Kimi K2 is a state-of-the-art mixture-of-experts (MoE) language model developed by Moonshot AI. It's a 1 trillion total parameter model (32B activated) that is currently the best non-reasoning open source model out there.

It was trained on 15.5 trillion tokens, supports a 256k context window, and excels in agentic tasks, coding, reasoning, and tool use. Even though it's a 1T model, at inference time, the fact that only 32 B parameters are active gives it near‑frontier quality at a fraction of the compute of dense peers.

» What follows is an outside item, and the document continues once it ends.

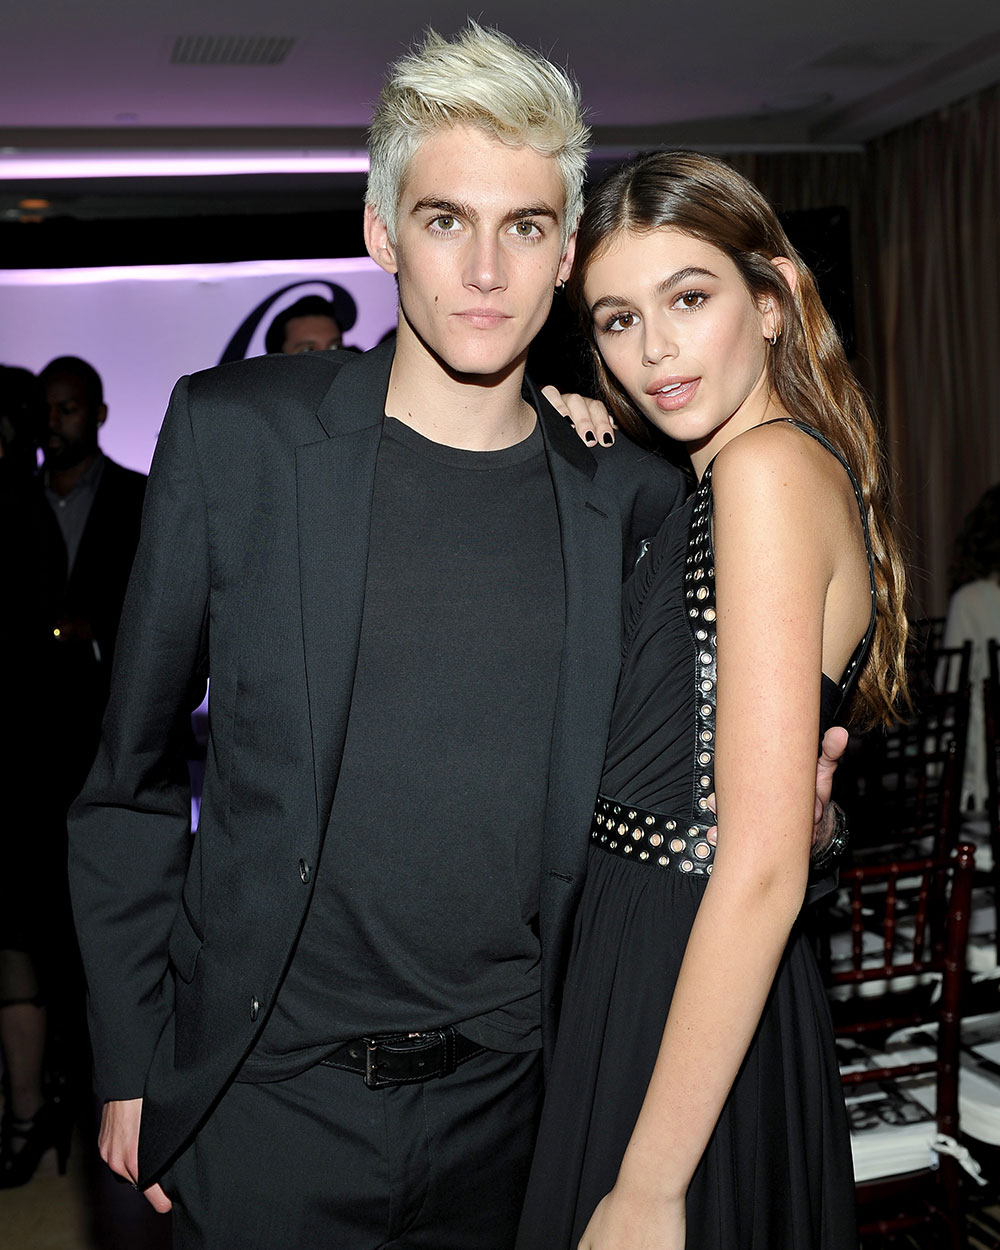 Presley and Kaia Gerber are the offspring of Cindy Crawford and Rande Gerber.

In this quick guide, we'll go over the main use cases for Kimi K2, how to get started with it, when to use it, and prompting tips for getting the most out of this incredible model.

## How to use Kimi K2

Get started with this model in 10 lines of code! The model ID is `moonshotai/Kimi-K2-Instruct-0905` and the pricing is \$1.00 per 1M input tokens and \$3.00 per 1M output tokens.

<CodeGroup>
  ```python Python theme={null}
  from together import Together

  client = Together()
  resp = client.chat.completions.create(
      model="moonshotai/Kimi-K2-Instruct-0905",
      messages=[{"role": "user", "content": "Code a hacker news clone"}],
      stream=True,
  )
  for tok in resp:
      print(tok.choices[0].delta.content, end="", flush=True)
  ```

  ```typescript TypeScript theme={null}
  import Together from 'together-ai';
  const together = new Together();

  const stream = await together.chat.completions.create({
    model: 'moonshotai/Kimi-K2-Instruct-0905',
    messages: [{ role: 'user', content: 'Code a hackernews clone' }],
    stream: true,
  });

  for await (const chunk of stream) {
    process.stdout.write(chunk.choices[0]?.delta?.content || '');
  }
  ```
</CodeGroup>

## Use cases

Kimi K2 shines in scenarios requiring autonomous problem-solving – specifically with coding & tool use:

* **Agentic Workflows**: Automate multi-step tasks like booking flights, research, or data analysis using tools/APIs
* **Coding & Debugging**: Solve software engineering tasks (e.g., SWE-bench), generate patches, or debug code
* **Research & Report Generation**: Summarize technical documents, analyze trends, or draft reports using long-context capabilities
* **STEM Problem-Solving**: Tackle advanced math (AIME, MATH), logic puzzles (ZebraLogic), or scientific reasoning
* **Tool Integration**: Build AI agents that interact with APIs (e.g., weather data, databases).

## Prompting tips

| Tip                                                                                                                       | Rationale                                                                                                                                |
| ------------------------------------------------------------------------------------------------------------------------- | ---------------------------------------------------------------------------------------------------------------------------------------- |
| **Keep the system prompt simple** - `"You are Kimi, an AI assistant created by Moonshot AI."` is the recommended default. | Matches the prompt used during instruction tuning.                                                                                       |
| **Temperature ≈ 0.6**                                                                                                     | Calibrated to Kimi-K2-Instruct's RLHF alignment curve; higher values yield verbosity.                                                    |
| **Leverage native tool calling**                                                                                          | Pass a JSON schema in `tools=[...]`; set `tool_choice="auto"`. Kimi decides when/what to call.                                           |
| **Think in goals, not steps**                                                                                             | Because the model is "agentic", give a *high-level objective* ("Analyze this CSV and write a report"), letting it orchestrate sub-tasks. |
| **Chunk very long contexts**                                                                                              | 256 K is huge, but response speed drops on >100 K inputs; supply a short executive summary in the final user message to focus the model. |

Much of this information was found in the [Kimi GitHub repo](https://github.com/MoonshotAI/Kimi-K2).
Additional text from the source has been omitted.